Yet all I really want to do right now is sit, sip my tea, and watch the snow drift down in the courtyard outside my window.

1

A Night of Dark and Light

Let’s go backwards tonight. We’ll start with now, and see if I can move backward faster than time moves forward. If it’s a tie, you will be stuck reading about the same moment until my fingers fail.

Now: Listening to a cover of “I’m in Love with a German Film Star” by Linoleum at volumes that may not be healthy. This is good. Got the nice headphones on, so the neighbors are safe. I went looking for the original, a spacy, ethereal bit from around 1980, but this cover does justice.

Just as it was starting, Soup Boy withdrew his head and closed the door to my room. He had just come back from a quest to a bar/archery range. Yes, you read that right. Alcohol and deadly weapons. Of course it is not their policy to put the bows and arrows into the hands of dangerously drunk people. (I wasn’t there, mind you, but someone I knew once went there, and while they were going through the formalities he sat down and missed the chair, and after reassurances from his comrades the manager put a lethal weapon in his hands. Tonight, however, Soup Boy reported that the archery range was closed (hours are notoriously erratic there), so they were shooting pool instead.

I got a response back from fuego – he was home. We fired up Skype and discovered our favorite three words. He sent me a really cool tune called “Belladonna”. We unraveled bits of life and poked the decaying corpse of civilization with a stick. Or maybe I just complained that someone had consumed 2/3 of my hard-earned beers.

Soup Boy’s phone chimed on the sofa where it lay, to indicate it had received a text message. I unpacked my computer, plugged it in, and checked up on the ol’ media empire.

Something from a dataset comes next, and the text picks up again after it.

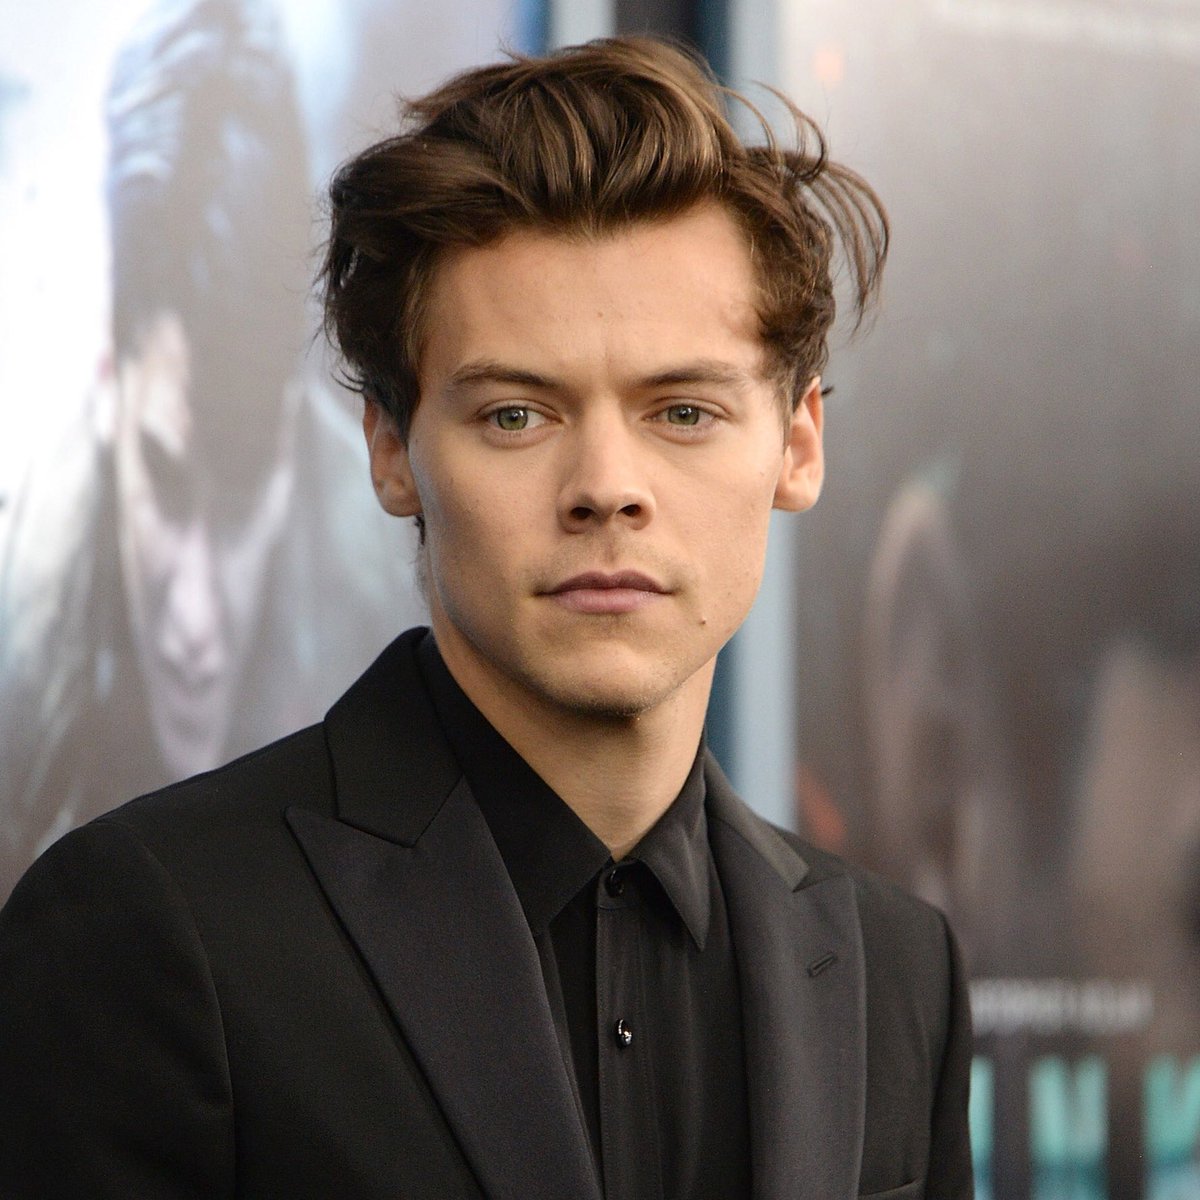 Harry Styles auditioned for and got the part of Prince Eric in Disney’s live action The Little Mermaid remake but ended up turning it down for undisclosed reasons. Jonah Hauer-King was eventually cast instead.

When I got home tonight, the place was empty. I wondered where everyone had gone, so I sent a message to Soup Boy and fuego.

I got off the metro just a little after midnight, and knowing that my beer supply at home was severely compromised, I turned to a haven I have not sought in a long time – Hanka’s Herna Snack Bar. The door was locked. It seems the place closes at midnight on Sundays. There were still people inside, and I might be mistaken, but the bartender may even have seen me and headed for the door as I turned my feet up the street. It’s hard to see into the place. I tromped toward home; the only other bar I knew was open between me and the domocile was a glitzy sports bar that is not the kind of place you sit alone with only your pivo for company and mutter to yourself in a vaguely insane manner. I decided to head home.

After Belladonna got off the metro at JzP and the doors to the train slid shut, I wondered if I should have offered to walk her home. Prague is a pretty safe town, but she had definitely wanted me to ride with her on the metro.

The three of us retired to a nearby café/club to discuss the movie and to just hang out. It was a pleasant time; the caffeine from the tea I drank combining well with the beer to make me jolly and chatty. Belladonna continued to try to hide the hole in her sweater, but I never did get the chance to suggest duct tape. Neither was in a position to stay out late, which was OK by me, although the conversation was pleasant. We spent a lot of time comparing cultures, and I would smile and nod as they discussed various med school classes. I was disappointed to learn that Firenze intended to return to El Salvador – Europe’s just not for her. I tried to talk her into running away to Shanghai with me. I don’t think she thought I was serious. I got a message from fuego saying he was at my place and had drunk some of my beer.

We got out of the movie and spent a moment looking at each other, wondering, what the hell was that?. I think the reasons we disliked the movie were not all the same, but the overall we agreed. Hostel blows. The movie starts with breasts and moves on to dismemberment; it is a movie that you would expect a group of fourteen-year-olds to write as they sit around a table at the pizzeria whacked out on Mountain Dew, each one trying to outdo the others: “You know what would be really, really sick…” All would laugh at the fingers-on-the-floor gag and then move on to the next shock-for-shock’s sake schlock. The writing was bad, the acting was poor, the editing was shit. There were points where the dancing and the music were so disconnected that the audience laughed. Continuity was a now-you-see-it-now-you-don’t disaster.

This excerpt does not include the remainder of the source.